Какое-то время она просто сидела, обнимая колени и покачиваясь из стороны в сторону. Холод, идущий от каменного пола, казалось, перестал донимать её – но ледяной ужас, разлившийся в груди, был не в пример страшнее. Наместника Хоупа трудно было назвать хорошим человеком, но он не причинил бы вреда ребёнку, в этом Герта не сомневалась. А вот про посланника такого не скажешь – и все здесь трепещут и пресмыкаются перед ним… О, он, конечно, не станет марать руки сам, но в его власти отдать приказ – и кто тогда сумеет защитить Тишу?

Не в силах больше бездействовать, Герта тяжело поднялась, опираясь на стену, и зашагала по камере, чувствуя, как разгоняется кровь в онемевших озябших ногах. Мысли её обратились к Гурту. То, что она сказала посланнику о благоразумии владельца таверны, было правдой, но вовсе не эта черта определяла его характер. Все знали, как нечеловечески силён Гурт Сноутон: отчаянные балагуры, вздумавшие безобразничать в его таверне, не раз ощущали на себе мощь его мускулов, – однако, несмотря на это, Гурт слыл спокойнейшим человеком, и лишь немногие, и среди них Герта, слышали о его отчаянном прошлом. Гурт в своё время долго наёмничал, много где побывал, много чего видел. Гелерт как-то обмолвился, будто тот слыл свирепым бойцом. Про таких говорили – «зверь вселился»: они были самыми лютыми и не ведали ни страха, ни жалости.

Гурт, конечно, давно остепенился, научился держать зверя в узде, но Герта подозревала, что тот никуда не делся. Больше того – сейчас это вполне могло их спасти. Гелерт говорил – такие, как Гурт, презирают боль. Получается, что ни пытками, ни угрозами посланнику не удастся вырвать у него признание. Единственная его слабость – дочери, но им как будто ничто не угрожает. Если Пенни не схвачена, то Гурт будет держаться. Лишь бы девчонке хватило ума не высовываться! В своих работниках Герта была уверена – по крайней мере, ей хотелось так думать. Если кто-то из них обнаружит Пенни, они должны будут ее уберечь.
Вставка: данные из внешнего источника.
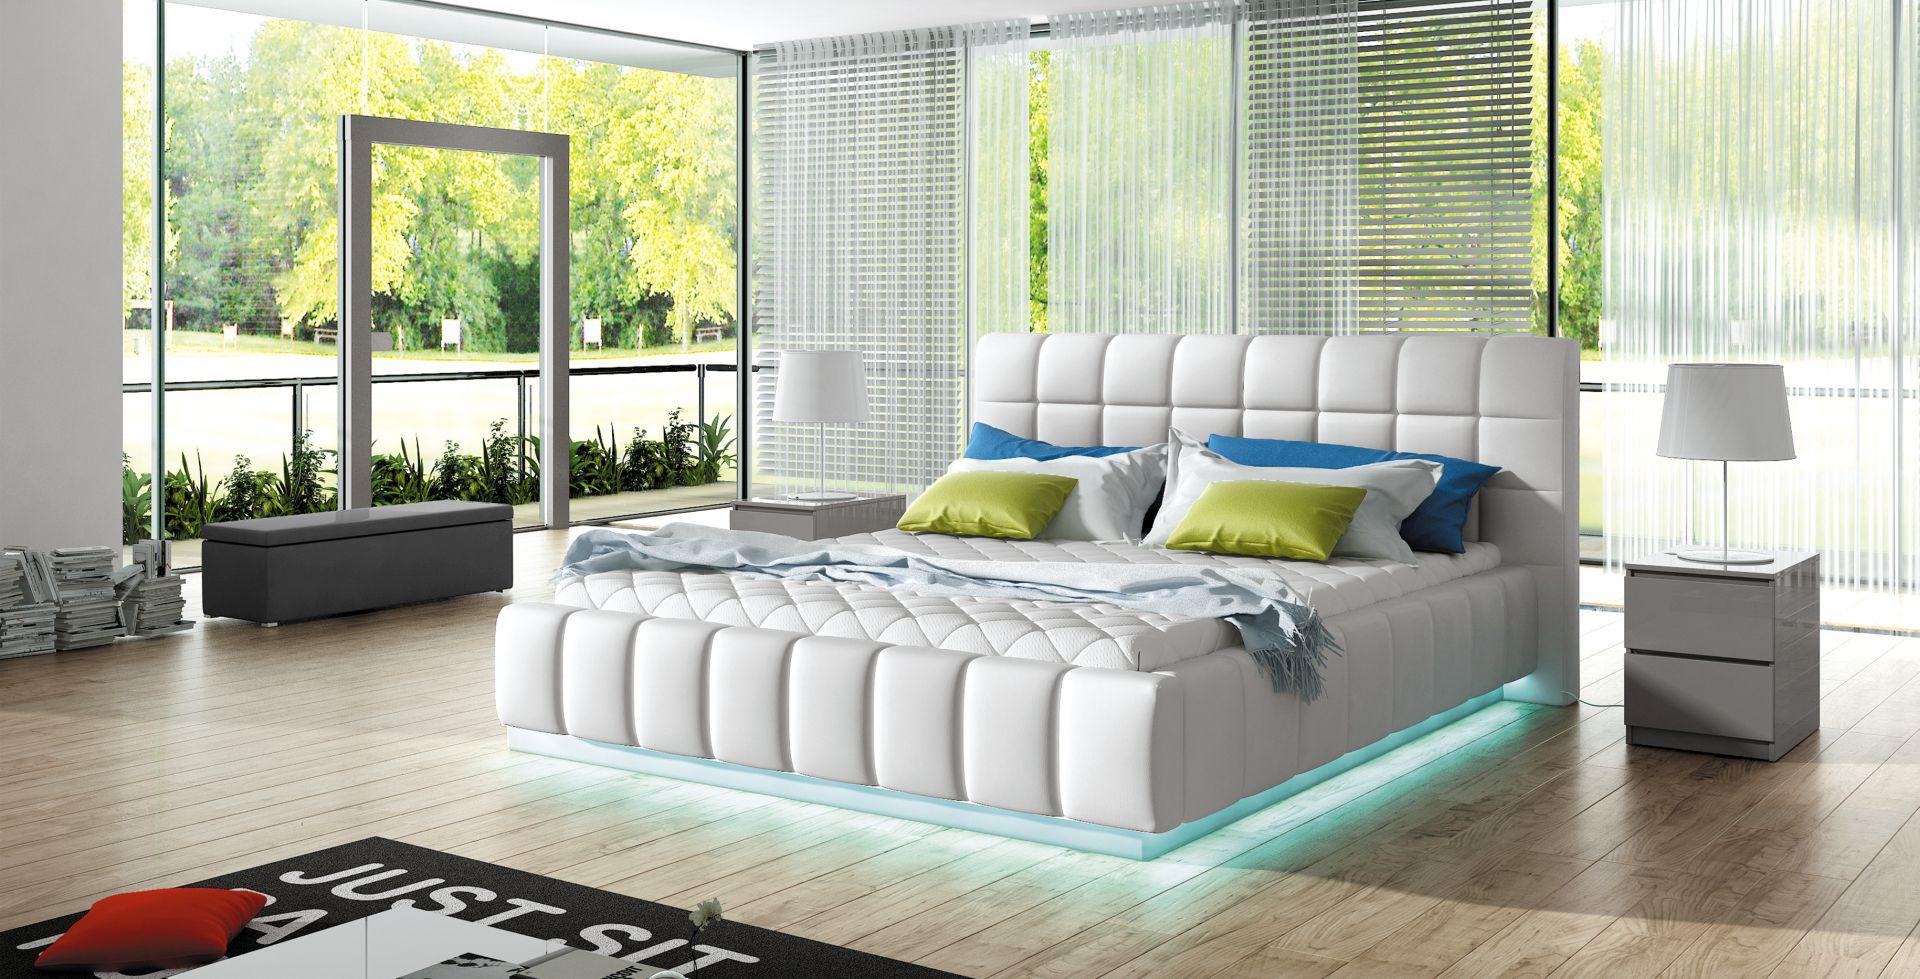 Wersal Manželská posteľ Prato rozmer: 140 x 200 cm

Бесцельное мельтешение и тревожные мысли утомили Герту. Она подошла к стене и обессиленно прижалась лбом к холодному камню. Что же делать? Если бы удалось выяснить хоть что-то про Тишу или переговорить с Гуртом!

Под потолком зашуршало, и узница встревоженно вскинула голову. Меж прутьев зарешеченного окошка просунулась тонкая рука, и на пол плюхнулся увесистый свёрток. Следом на тонкой длинной верёвке спустили фляжку. Герта подхватила её, не позволив звякнуть об пол, развязала узел. Верёвка тут же скользнула вверх и исчезла. Женщина напряжённо ждала. Неужели таинственный доброжелатель не скажет ей даже слова? Наверху было тихо. Ушёл? Затаился? Герта прислушивалась до звона в ушах, пока у нее не закружилась голова. Только тогда она развернула свёрток. Там обнаружилось несколько лепëшек, пара кусочков сыра, полоски вяленого мяса и кожаный мешочек, в котором Герта, к своей радости, отыскала прочные разноцветные нити. Значит, её неожиданному помощнику известно, что она владеет искусством узелкового письма. Это древнее умение сохранилось только в Норавии, да и там его многие позабыли. Саму Герту плести и распознавать узелковый узор научил муж – в его роду этому искусству обучали всех сыновей. Оставалось надеяться, что и Гурту оно тоже известно: бабка его была из Норавии, но это могло совсем ничего не значить.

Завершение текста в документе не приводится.